4 April 2012
In the third in a series of guest posts, Rowan Bosworth-Davies, a financial crime consultant and former Scotland Yard detective, examines the strange assumption that ultimately lay behind the Financial Services Authority’s failure
When I was a detective at the Metropolitan Police Company Fraud Department, in 1984, my commander sent me to the USA to study the American way of financial regulation. I returned a committed convert to US methods of regulating the financial sector.
Sadly, under president Ronald Reagan and then under president George W Bush, deregulatory tendencies were allowed to predominate. This directly led to financial carnage seen on Wall Street recently. However I remained impressed by the committed nature of US regulators and their desire to do the right thing.

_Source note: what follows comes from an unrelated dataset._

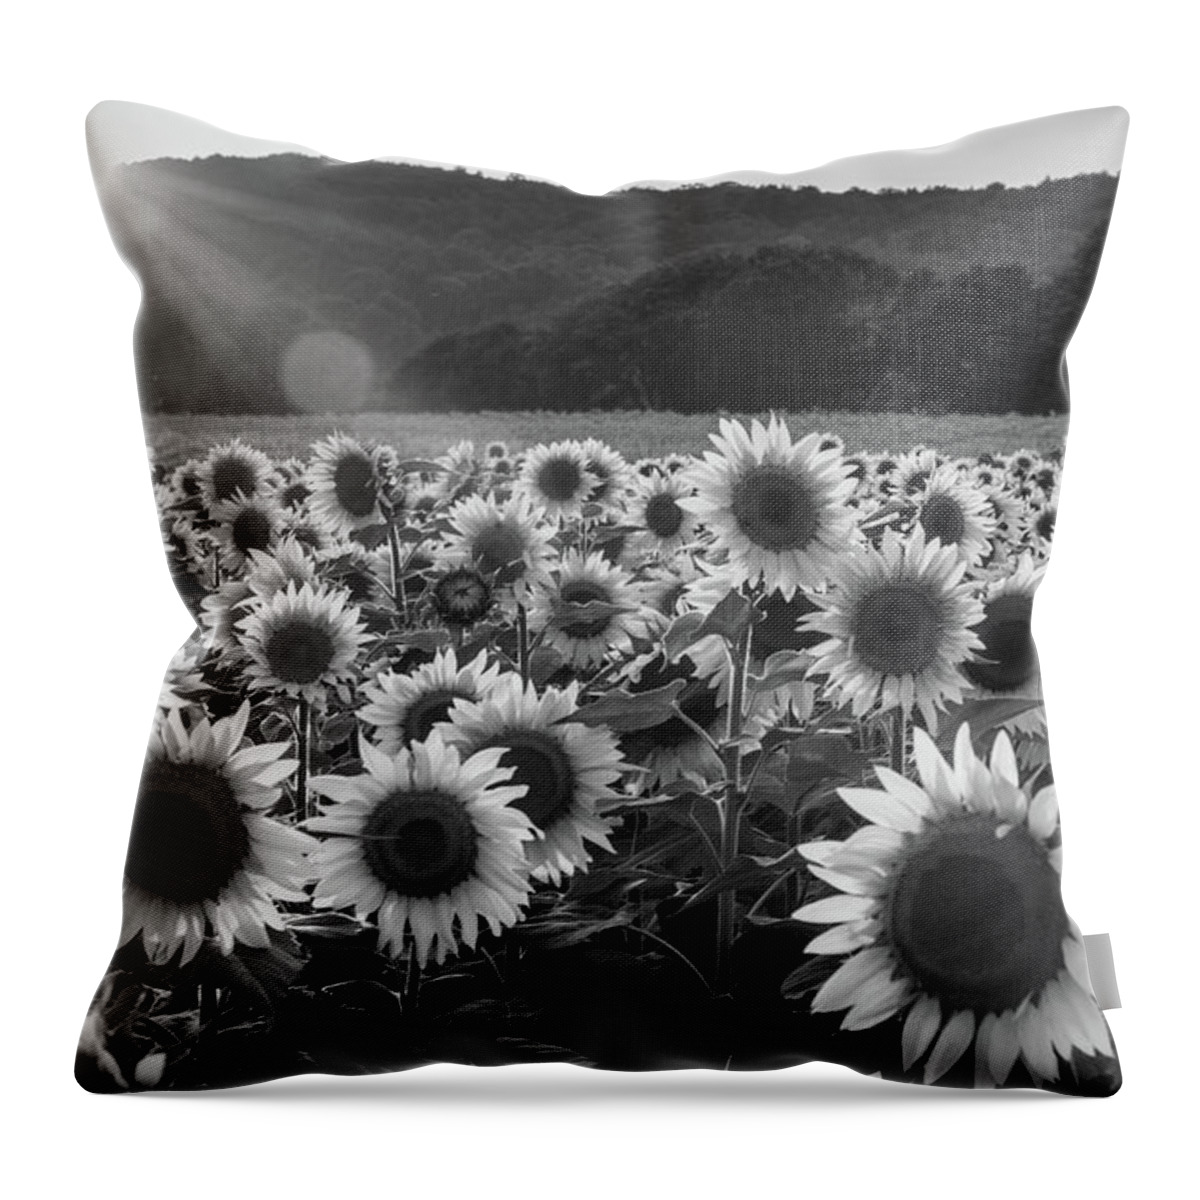 Donaldson Farms Throw Pillow featuring the photograph Monochrome Sunflowers by Kristopher Schoenleber

While I was in Washington D.C., studying at the Securities Exchange Commission, the British government published a White Paper that would become the basis for the Financial Services & Markets Act 2000.
The SEC’s head of enforcement, John Fedders, read this document, and when I went to see him to say goodbye, he said to me: “…You Brits assume that any man who looks after other people’s money is a gentleman and you are shocked and horrified when you find the converse is true. We Americans assume that every man who looks after other people’s money has the propensity to be a crook, and we legislate for the possibility. When your people take the time and spend the money necessary to regulate the financial sector properly, and stop assuming it can be done by accountants in their spare time, and bankers taking a sabbatical, then we’ll take you seriously. Until then, don’t waste our time…”
He was right then, and he would be right now, but I don’t think anything will change the status quo. All the time we have men like FSA chief executive Hector Sants running the show, we will continue to be at the mercy of the crooks and the wise guys!